*Directions*
Only the lines below from the one containing "puma red white shoes" to the one containing "Fearless hART Stamped" should be repeated, both included and unchanged.

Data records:
○ ○ ○
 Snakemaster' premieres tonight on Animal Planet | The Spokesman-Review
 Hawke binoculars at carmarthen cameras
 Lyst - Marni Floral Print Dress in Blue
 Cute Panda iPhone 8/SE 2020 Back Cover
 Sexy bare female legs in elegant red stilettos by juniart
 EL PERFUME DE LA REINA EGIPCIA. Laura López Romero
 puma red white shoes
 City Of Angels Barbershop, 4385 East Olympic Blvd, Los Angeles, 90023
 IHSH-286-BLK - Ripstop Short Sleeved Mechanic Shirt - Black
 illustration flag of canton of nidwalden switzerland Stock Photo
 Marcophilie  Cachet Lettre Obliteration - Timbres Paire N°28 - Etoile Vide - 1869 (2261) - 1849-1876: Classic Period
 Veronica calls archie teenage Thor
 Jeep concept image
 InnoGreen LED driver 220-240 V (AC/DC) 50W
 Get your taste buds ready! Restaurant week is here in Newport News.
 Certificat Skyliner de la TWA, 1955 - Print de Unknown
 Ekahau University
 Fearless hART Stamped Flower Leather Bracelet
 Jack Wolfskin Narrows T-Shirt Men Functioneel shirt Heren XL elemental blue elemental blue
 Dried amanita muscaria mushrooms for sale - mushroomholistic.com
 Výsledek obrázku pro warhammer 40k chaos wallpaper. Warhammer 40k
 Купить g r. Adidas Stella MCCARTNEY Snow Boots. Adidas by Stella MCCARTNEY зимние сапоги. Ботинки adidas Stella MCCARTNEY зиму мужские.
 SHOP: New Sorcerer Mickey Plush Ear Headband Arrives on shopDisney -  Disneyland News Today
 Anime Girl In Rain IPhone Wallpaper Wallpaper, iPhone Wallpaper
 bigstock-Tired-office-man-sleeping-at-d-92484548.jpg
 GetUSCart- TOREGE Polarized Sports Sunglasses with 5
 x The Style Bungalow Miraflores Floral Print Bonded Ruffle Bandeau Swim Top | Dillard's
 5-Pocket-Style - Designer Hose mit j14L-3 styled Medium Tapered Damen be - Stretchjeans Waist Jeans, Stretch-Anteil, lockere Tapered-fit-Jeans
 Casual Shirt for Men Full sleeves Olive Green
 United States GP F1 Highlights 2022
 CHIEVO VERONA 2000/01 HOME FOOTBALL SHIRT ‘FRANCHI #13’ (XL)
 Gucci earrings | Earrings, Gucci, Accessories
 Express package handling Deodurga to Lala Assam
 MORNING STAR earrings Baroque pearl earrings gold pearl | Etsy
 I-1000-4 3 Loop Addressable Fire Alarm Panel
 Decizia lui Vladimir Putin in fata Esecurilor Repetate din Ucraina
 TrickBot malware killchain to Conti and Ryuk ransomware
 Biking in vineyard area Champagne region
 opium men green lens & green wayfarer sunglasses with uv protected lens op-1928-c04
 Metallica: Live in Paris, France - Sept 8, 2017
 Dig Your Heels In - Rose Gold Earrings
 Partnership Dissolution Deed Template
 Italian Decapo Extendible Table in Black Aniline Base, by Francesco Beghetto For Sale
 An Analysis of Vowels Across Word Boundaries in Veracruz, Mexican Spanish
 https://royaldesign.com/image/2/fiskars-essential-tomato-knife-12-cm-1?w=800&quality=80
○ ○ ○
*Task solution*
 puma red white shoes
 City Of Angels Barbershop, 4385 East Olympic Blvd, Los Angeles, 90023
 IHSH-286-BLK - Ripstop Short Sleeved Mechanic Shirt - Black
 illustration flag of canton of nidwalden switzerland Stock Photo
 Marcophilie  Cachet Lettre Obliteration - Timbres Paire N°28 - Etoile Vide - 1869 (2261) - 1849-1876: Classic Period
 Veronica calls archie teenage Thor
 Jeep concept image
 InnoGreen LED driver 220-240 V (AC/DC) 50W
 Get your taste buds ready! Restaurant week is here in Newport News.
 Certificat Skyliner de la TWA, 1955 - Print de Unknown
 Ekahau University
 Fearless hART Stamped Flower Leather Bracelet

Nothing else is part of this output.